US 11,704,331 B2
Dynamic generation of data catalogs for accessing data
Andrew Edward Caldwell, Santa Clara, CA (US); Anurag Windlass Gupta, Atherton, CA (US); Mehul A. Shah, Seratoga, CA (US); Prajakta Datta Damle, San Jose, CA (US); and George Steven McPherson, Seattle, WA (US)
Assigned to Amazon Technologies, Inc., Seattle, WA (US)
Filed by Amazon Technologies, Inc., Seattle, WA (US)
Filed on Jul. 10, 2020, as Appl. No. 16/926,537.
Application 16/926,537 is a continuation of application No. 15/199,505, filed on Jun. 30, 2016, granted, now 10,713,272.
Prior Publication US 2020/0409967 A1, Dec. 31, 2020
Int. Cl. G06F 16/00 (2019.01); G06F 16/25 (2019.01); G06F 16/28 (2019.01); G06F 16/951 (2019.01); G06F 16/23 (2019.01)

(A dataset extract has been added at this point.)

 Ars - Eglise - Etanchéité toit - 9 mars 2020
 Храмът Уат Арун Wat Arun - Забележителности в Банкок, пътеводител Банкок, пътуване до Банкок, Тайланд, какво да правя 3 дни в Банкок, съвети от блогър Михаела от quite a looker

CPC G06F 16/254 (2019.01) [G06F 16/2358 (2019.01); G06F 16/283 (2019.01); G06F 16/951 (2019.01)] 20 Claims
OG exemplary drawing
 
1. A system, comprising:
a plurality of computing devices, respectively comprising at least one processor and a memory, configured to implement a data catalog service as part of a provider network, wherein the data catalog service is configured to:
identify a plurality of data sets maintained in different storage locations;
receive respective selections of one or more recognizers of a plurality of different recognizers corresponding to a plurality of different file formats supported by the data catalog service to apply to data scanned from the plurality of data sets;
add respective structural data for the plurality of data sets to a data catalog that provides a centralized location for searching for desired data sets, wherein the respective structural data makes a client capable of interpreting between different items within the plurality of data sets when the client connects to data sources for individual ones of the plurality of data sets, and wherein the adding comprises:
access the different storage locations to apply the selected one or more recognizers to the data scanned from the plurality of data sets to determine the respective structural data; and
store the respective structural data as part of the data catalog; and
provide access to the respective structural data in the data catalog in response to one or more requests to access the data catalog.